I would love it if someone could just add some more debug logging around this in the cloud provider. Then once there's another release I'd be able to share debug logs.

james-callahan avatar Feb 21 '24 04:02 james-callahan

We face the same issue. I created a cloud-config file and set the NodeIPFamilies and I can see that it is in-use in the aws-cloud-controller-manager logs. I also had to add --feature-gates=CloudDualStackNodeIPs=true to the aws-cloud-controller-manager and kubelet. When I set --node-ip=<IPv6 address>,<IPv4 address> to the kubelet then I receive log lines like this and the node was tainted with node.cloudprovider.kubernetes.io/uninitialized=true:NoSchedule.

024-05-08T08:21:12.851616193Z E0508 08:21:12.851520       1 node_controller.go:240] error syncing 'i-08b4defa905155953.eu-west-1.compute.internal': failed to get node modifiers from cloud provider: provided node ip for node "i-08b4defa905155953.eu-west-1.compute.internal" is not valid: failed to get node address from cloud provider that matches ip: 2xxx:xxxx:xxxx:xxxx::c91a, requeuing

But I saw both the IPv6 and the IPv4 address in the InternalIP. Then I set --node-ip=:: for the kubelet and it suddenly started to work but I saw only the IPv6 address in the InternalIP. Which is kinda expected based on the kubelet documentation. This is our test cluster, if you tell me what logs/tests do you want then I can execute them.

akunszt avatar May 08 '24 08:05 akunszt

I think I found what caused this. I added a lot of klog.* lines to the NodeAddressesByProviderID function. This was interesting:

        for _, family := range c.cfg.Global.NodeIPFamilies {
                klog.Infof( "family: %v", family )
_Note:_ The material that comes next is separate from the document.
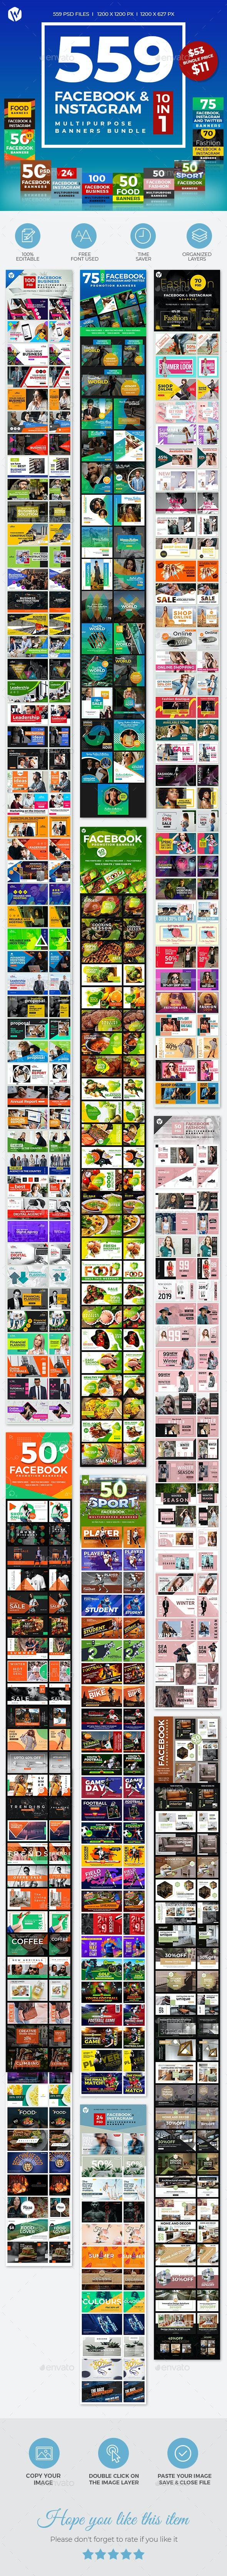 559 Facebook & Instagram Banner Bundle - Social Media Web Elements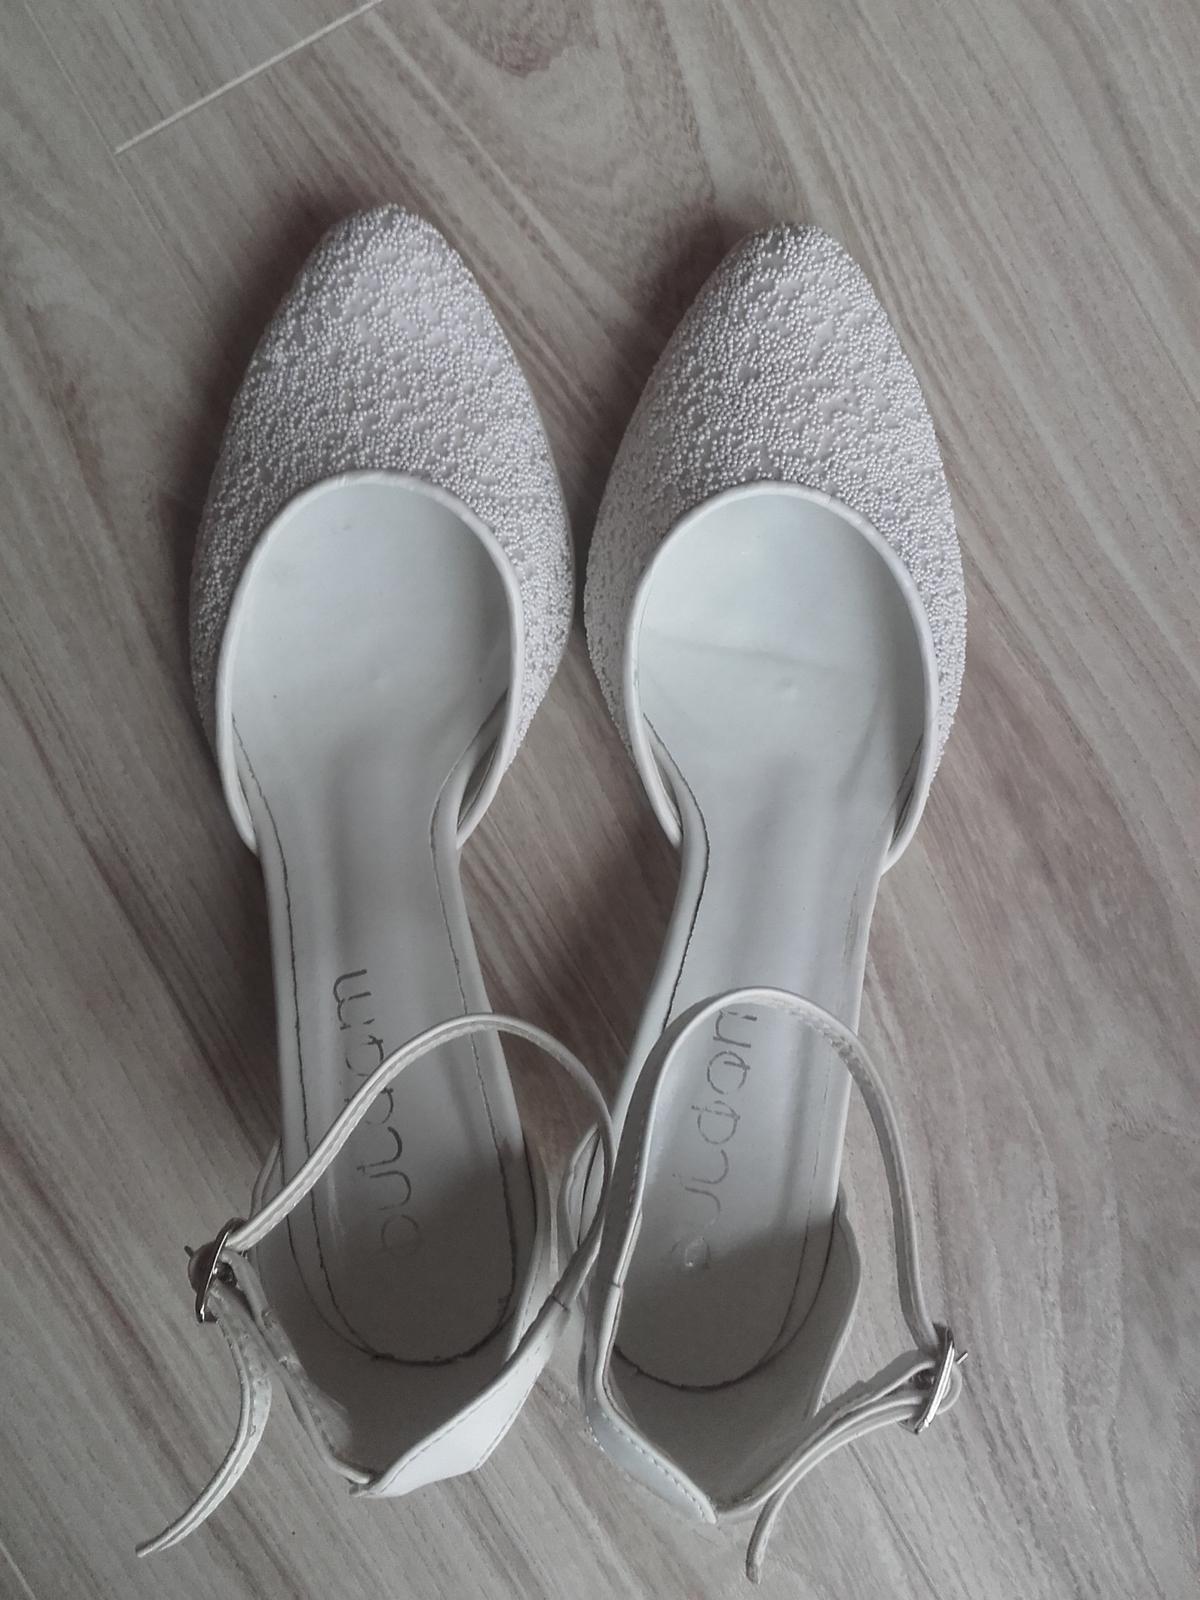 Bílé střevíčky s perličkami, vel. 39, nízký podpatek - Obrázek č. 3

It generated this log line:

I0508 10:10:40.861561     881 aws.go:1676] family: ipv4,ipv6

So the configuration is parsed as a string ipv4,ipv6 instead of splitting the values into an array. I dug a little deeper and I found out how to set a multi-value configuration at https://pkg.go.dev/gopkg.in/gcfg.v1#example-ReadStringInto-Multivalue After I changed the cloud-config.conf to this everything started to work.

[Global]
NodeIPFamilies=ipv4
NodeIPFamilies=ipv6

I recommend to include this in the documentation. It was a bit frustrating that I had to read the code as I did not find any documentation about how to construct the cloud-config file (I even started with a YAML first).